‘LEGALISMO AUTOCRÁTICO’ | O livro que todo israelense deveria ler

 



A capa da versão hebraica de “Legalismo Autocrático”. 
Crédito: Fundação Berl Katznelson

[ por Iris Leal  |  Haaretz  |  24|07|2023  |  traduzido pelo PAZ AGORA|BR  ]

Nada ilustra melhor o propósito do livro “Autocratic Legalism” [legalismo autocrático] de Kim Lane Scheppele em 2018, do que os oito passos no caminho para a autocracia que encerram a edição hebraica recentemente publicada da obra, agora em forma de livro.

[ por Iris Leal  |  Haaretz  |  24|07|2023  |  traduzido pelo PAZ AGORA|BR  ]

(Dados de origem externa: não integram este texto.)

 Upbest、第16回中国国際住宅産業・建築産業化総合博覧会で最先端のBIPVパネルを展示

Eles mostram que o artigo não deve ser lido como um mero estudo acadêmico sobre a História da tirania ou uma discussão filosófica. Na verdade, este pequeno livro destina-se a ser usado como um guia de autoajuda para todos os israelenses. Especialmente agora.

Scheppele publicou sua obra há cinco anos , portanto não contém nada sobre a reforma judicial planejada pelo governo israelense. Mas sua peça esclarece vários fatores importantes que ainda são objeto de disputa. Primeiro, havia sinais claros de que Israel estava caminhando para o autoritarismo, mas ninguém os notou.

 

Os historiadores mais perspicazes, os especialistas em direito constitucional mais sábios e os especialistas mais desconfiados acreditavam que os tiranos modernos se assemelhariam aos ditadores clássicos, principalmente os da primeira metade do século XX. Eles esperavam versões de Hitler, Stalin ou Nicolae Ceausescu da Romênia e seu estilo único que incluía tanques nas ruas, prisões de oponentes políticos, tortura e execuções.

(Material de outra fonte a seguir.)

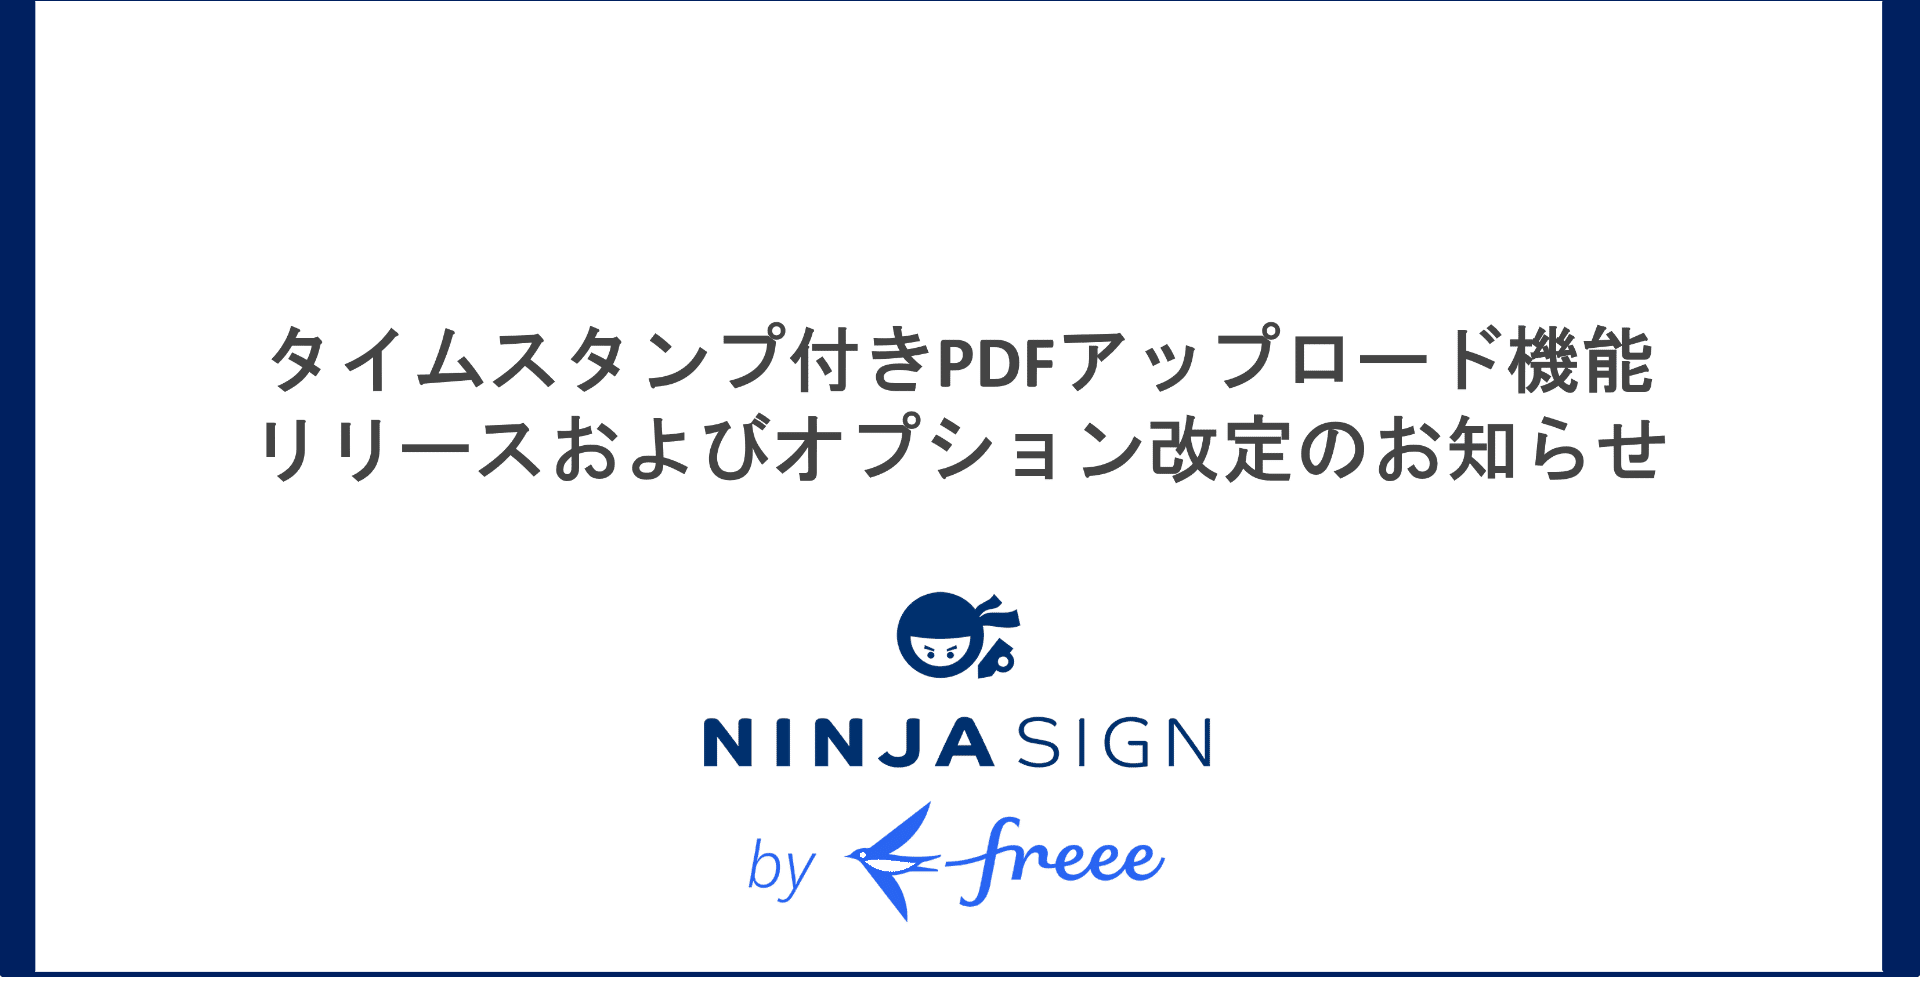 タイムスタンプ付きpdfアップロード機能リリースおよびオプション改定のお知らせ Ninja Sign By Freee 公式 Note

Uma concentração de poder absoluta e assassina é fácil de se identificar com base na experiência. Mas os tiranos do século atual são diferentes em seu modus operandi, retórica, estilo e objetivo. Pode-se dizer que o artigo de Scheppele, embora tenha aparecido na University of Chicago Law Review, é uma atualização acessível de “As Origens do Totalitarismo” de Hannah Arendt para o século XXI.

Câmara de eco do governo

A segunda lição é que o método para roubar nossas liberdades e destruir nossos direitos pode ser dolorosamente simples e, onde quer que aconteça, acontece quase exatamente da mesma maneira. O que você sabe? Acontece que os ditadores aprendem uns com os outros.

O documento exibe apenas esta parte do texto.